Most of the climbers are men, of course -- all but one, in fact: Yasuko Namba (played by Naoko Mori), a woman who had climbed six of the seven summits on each continent, and was attempting to become the oldest woman to reach the summit of Everest (which she did, although the record has since been broken). She went up with Adventure Consultants, the group of which are rounded out by Jason Clarke as expedition guide John Hall; and other climbers played by John Hawkes, Josh Brolin, and House of Cards's Michael Kelly, among others. Another expedition went up at the same time, led by Scott Fischer (Jake Gyllenhaal); back at base camp we see the likes of Emily Watson and Sam Worthington keeping communications open, or attempting to, with the climbers.

There's a whole lot of people in this movie, none of them chosen as a single main character, although John Hall would come the closest. One of his memorable lines is telling a couple of climbers that they pay him to get them back down safely -- "Remember that" -- and that that is more important than reaching the summit. Several people reach the summit; some don't; John makes a bad decision when he decides to help someone on his third attempt with no chance for trying again to make it, even though everyone else is by then on their way back down.

There are quick-forming storms. Spectacular shots of darkened clouds rolling up huge mountain slopes toward them. Sudden calms in the weather, providing windows for movement, sometimes in the middle of the night. People get sick just from the altitude. Some freeze to death. There are many dead bodies on Everest, there for varying amounts of time; a presumably fresher corpse is in the foreground of one shot as hikers climb past it.

I'm not sure how much sympathy these people need. One guide tells another that he "hand-holds" too much, and notes that if you can't make it up the mountain on your own you shouldn't be there at all. Why are any of these people there, anyway? In an early scene with several climbers in a tent at base camp, they all shout the cliché: "Because it's there!" And then someone asks it more seriously: "Why?" One man notes that at home he suffers from depression and here he feels cured of it. These people have issues.
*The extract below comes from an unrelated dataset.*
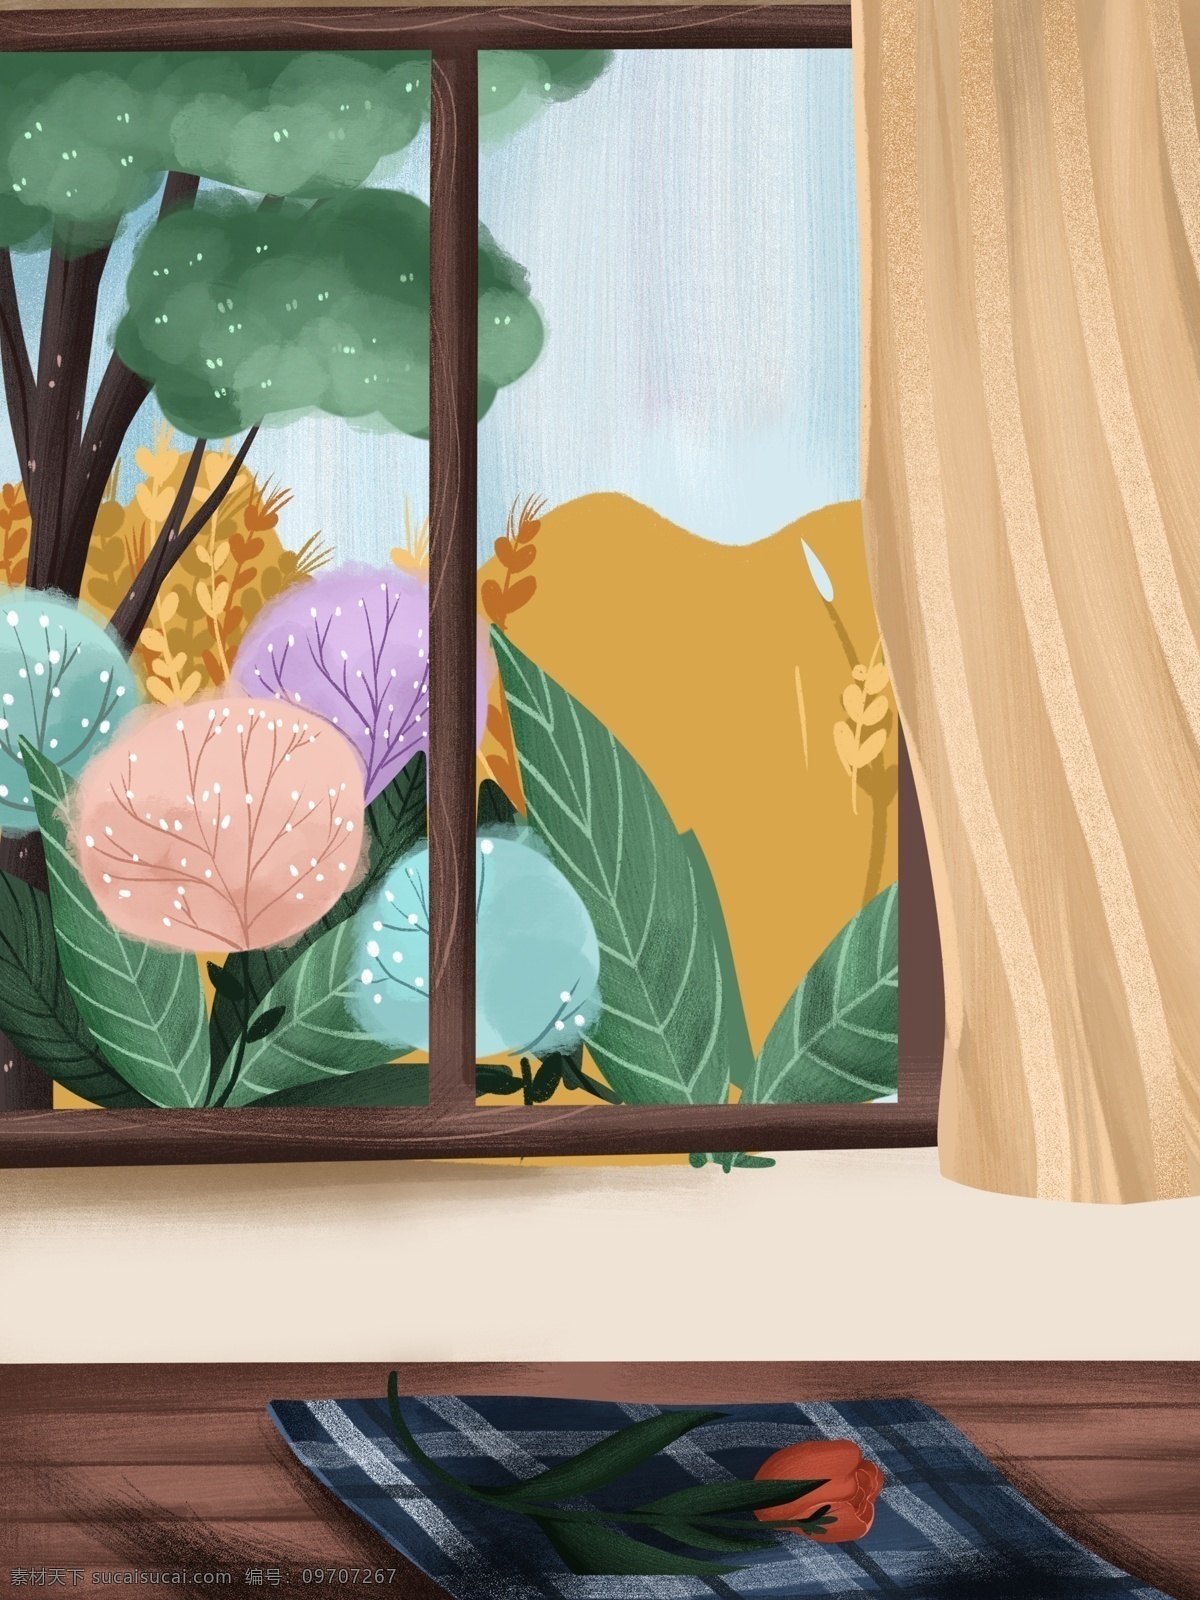 卡通 居家 客厅 窗外 手绘 背景 通用背景 居家生活插画 手绘背景 生活插画背景 窗户 窗帘 植物背景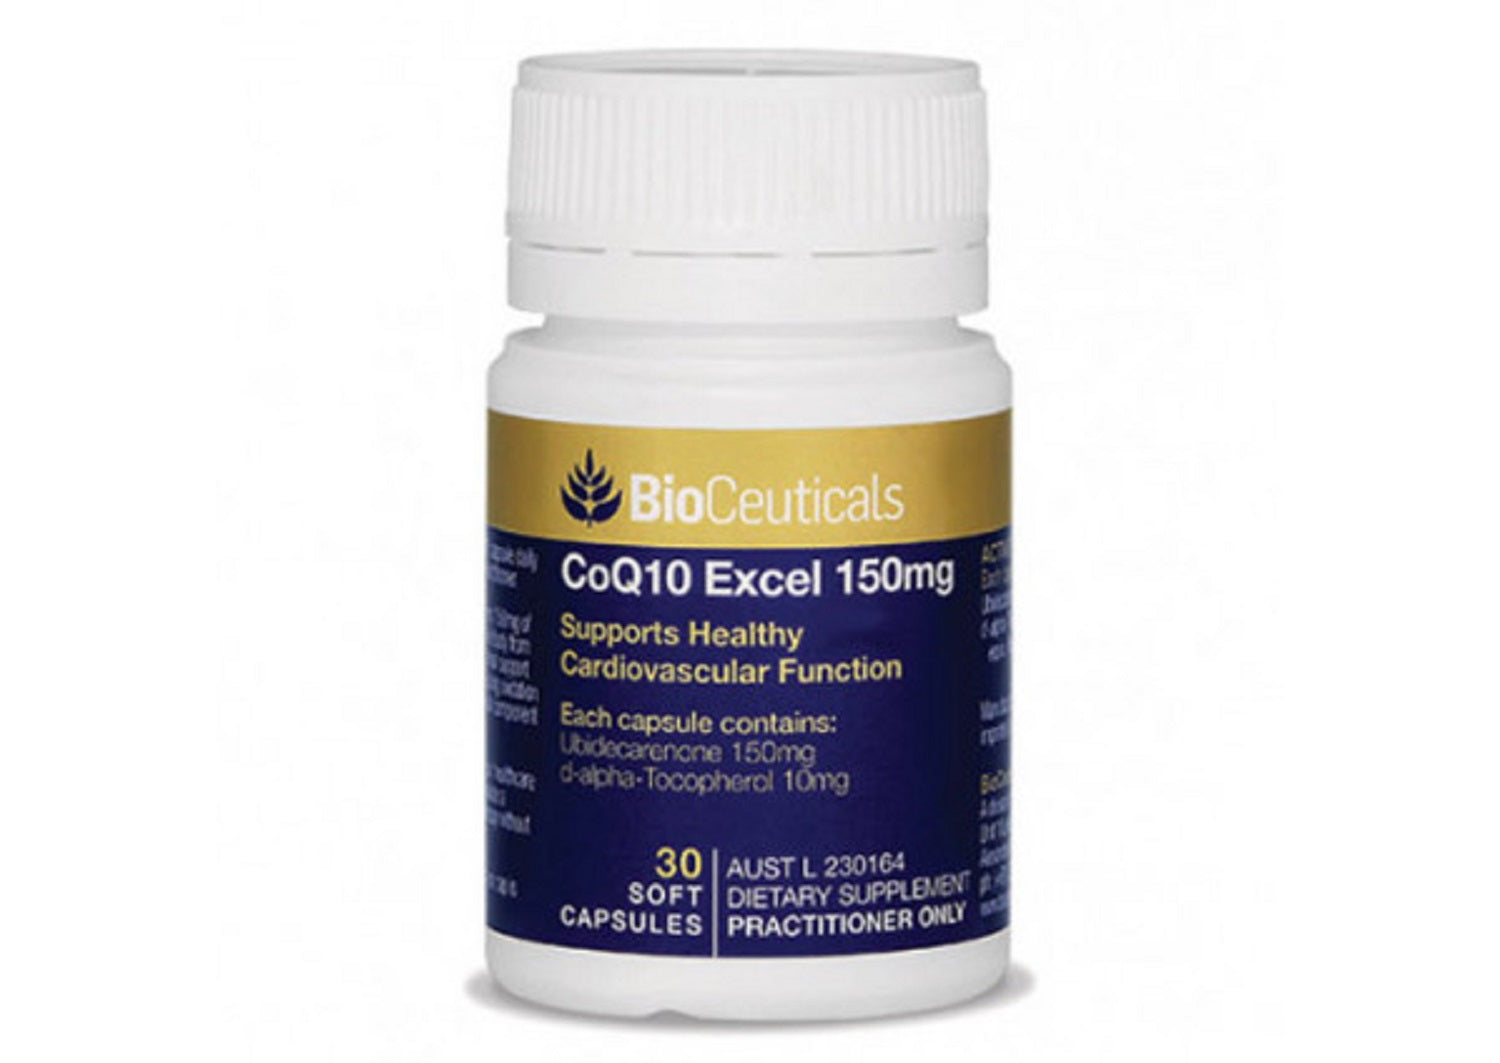 BioCeuticals CoQ10 Excel 150mg 30 soft capsules

And that gets to one of the other big problems with Everest, as that scene is the closest we get to a multidimensional presentation of these characters. The story is gripping, to be sure, but it's all about the nature of survival -- who will, who won't -- and very little about who these people really are. Josh Brolin gets outfitted with a Dole-Kemp 1996 presidential campaign T-shirt, to telegraph his character's conservative Texan personality -- and nothing else about him, except that he's obsessed with climbing, like everyone in this movie. That said, the performances across the board are solid, and thus elevate what are otherwise flat characters with nothing interesting shared about them except that they are climbing Mount Everest.

So then, without getting any real chance to get to know them as individuals, climbers start dying on their way down after summiting the mountain. Easily half the movie details their ascent, and then we see easy mistakes taken by people who are exhausted due to a slew of circumstances: not just all that climbing, but the thin air, limited numbers of oxygen tanks, and in one case suddenly losing eye sight. Things get truly horrifying, and several deaths occur with muted matter-of-factness, underscoring the indifference of their surroundings. More than one character just tilts right off the mountainside, out of sight and into the wind.

Why we need to see such things in three dimensions still escapes me, and it's mystifying that the film is not playing anywhere on regular 2D screens. The 3D is done well but unnecessary; the film would be every bit as effective without it. Seeing it on a large movie screen probably makes a notable difference in the impact, but overall, in terms of storytelling, it barely falls short of being the kind of movie that demands being seen on the big screen.

Just a couple of the many crazy people who risk their lives -- for what, exactly? -- in EVEREST.